Le moment est très solennel : nous sommes au Sénat, sous les impressionnants ors de la République et nous nous interrogeons sur la manière de faire passer des documents audiovisuels jusqu'ici conservés dans des vidéothèques ou des cinémathèques des territoires d'outre-mer et cela, afin de les transformer en patrimoine. À un moment, « on » décide d'en faire un patrimoine. Et ce « on » est par ailleurs difficile à définir : globalement, il s'agit de l'État, mais on ne sait pas précisément qui. En effet, pour obtenir les financements, il existe une série de ramifications ; ainsi, « l'État » va de Claude Esclatine à Mathieu Gallet, de la Caisse des Dépôts au ministère de la Culture et au Sénat, etc. C'est l'ensemble de ces volontés qui permet, à un moment, de créer un patrimoine, une archive.

J'avais un jour interrogé Jacques Derrida sur la différence entre la trace et l'archive : il m'avait répondu que cela n'avait rien à voir, que l'archive était du côté du pouvoir, du côté des archontes. En effet, c'est le pouvoir qui décide à un moment qu'un matériel compose une archive et qu'il est voué à devenir un patrimoine. Nous en sommes à ce moment précis, mais nous ne savons pas réellement qui décide.

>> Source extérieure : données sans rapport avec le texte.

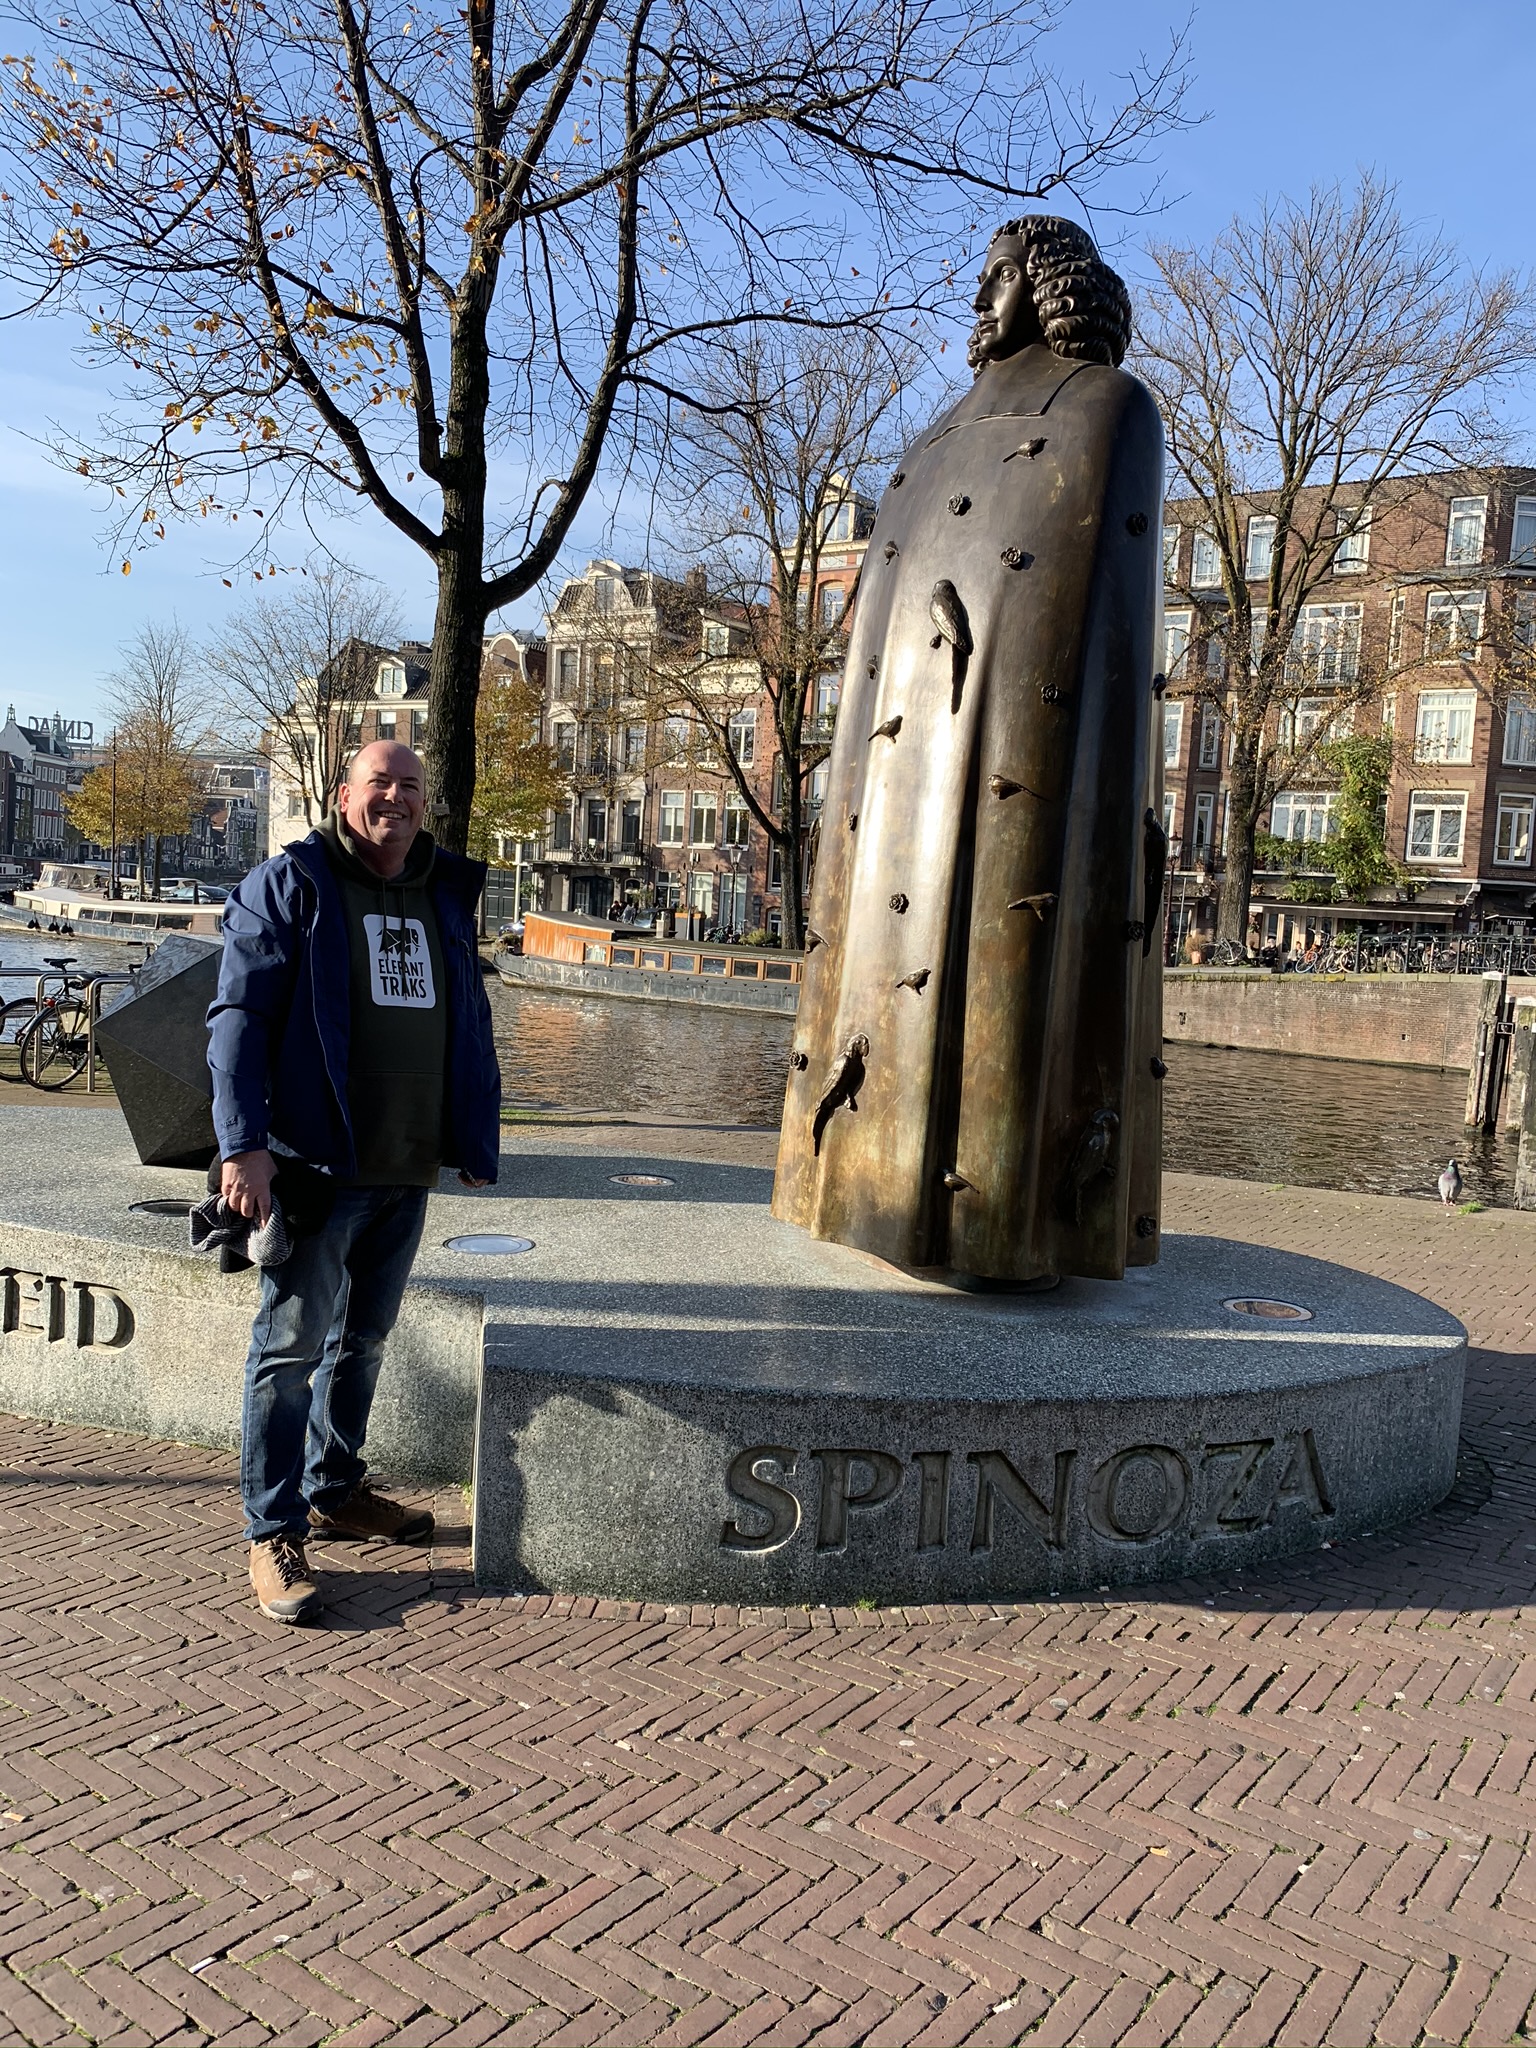 Baruch Spinoza – a Dutch Philosopher
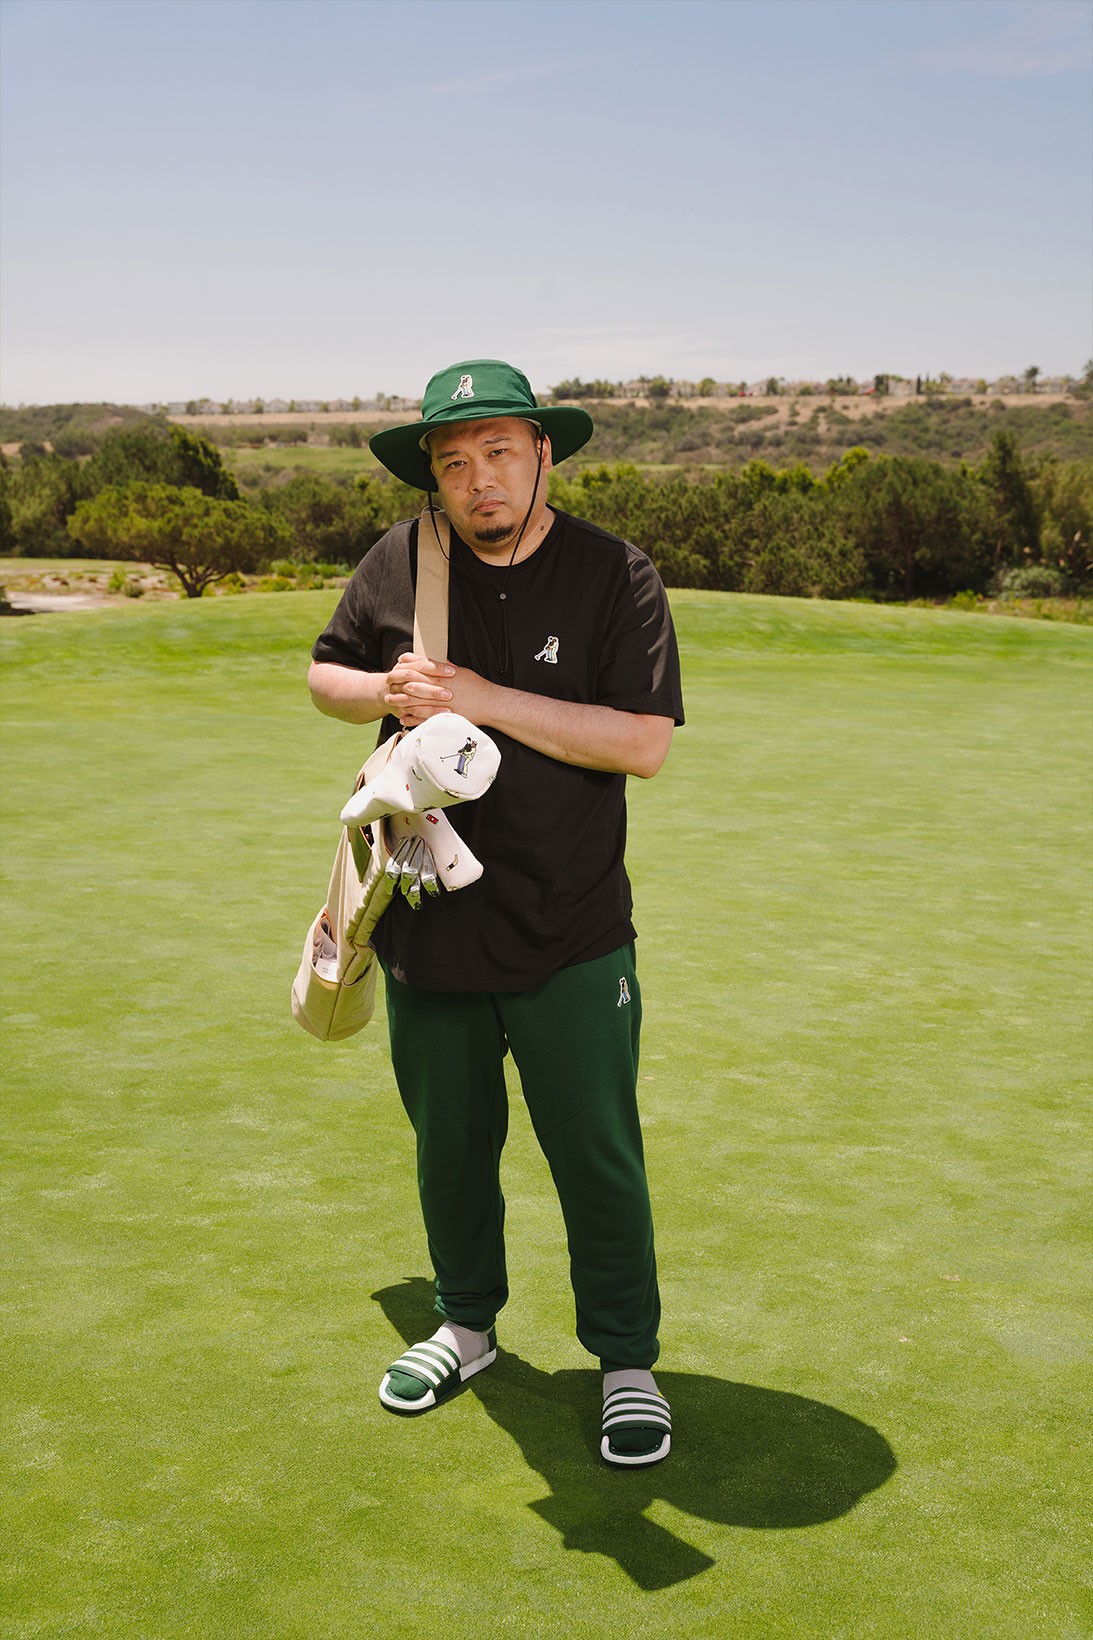 adidas выпустил гольф-коллекцию в стиле комедии «Счастливчик Гилмор» (фото 7)

Lorsque nous avons lancé, il y a vingt ans, le dépôt légal de la radio et de la télévision, Régis Debray avait écrit un texte où il disait que lorsqu'on patrimonialise, il y a toujours quelque chose qui meurt. Aujourd'hui, nous pouvons nous interroger de la même façon : quelles sont les choses qui meurent dans cette opération de patrimonialisation ? Il y a tout d'abord le dispositif technique : les supports films ou vidéos sont en train de mourir. Peut-être enterrons-nous RFO aussi, c'est-à-dire ce que cela a été, avec France Régions 3 à un moment, puis indépendamment et enfin en devenant Outre-mer 1 ère et France Ô. Peut-être aussi assistons-nous à la disparition d'un certain type de rapports entre les médias métropolitains et médias de la France d'outre-mer. Et cela aboutira peut-être à la construction de cette nouvelle mémoire dont nous parlions tout à l'heure.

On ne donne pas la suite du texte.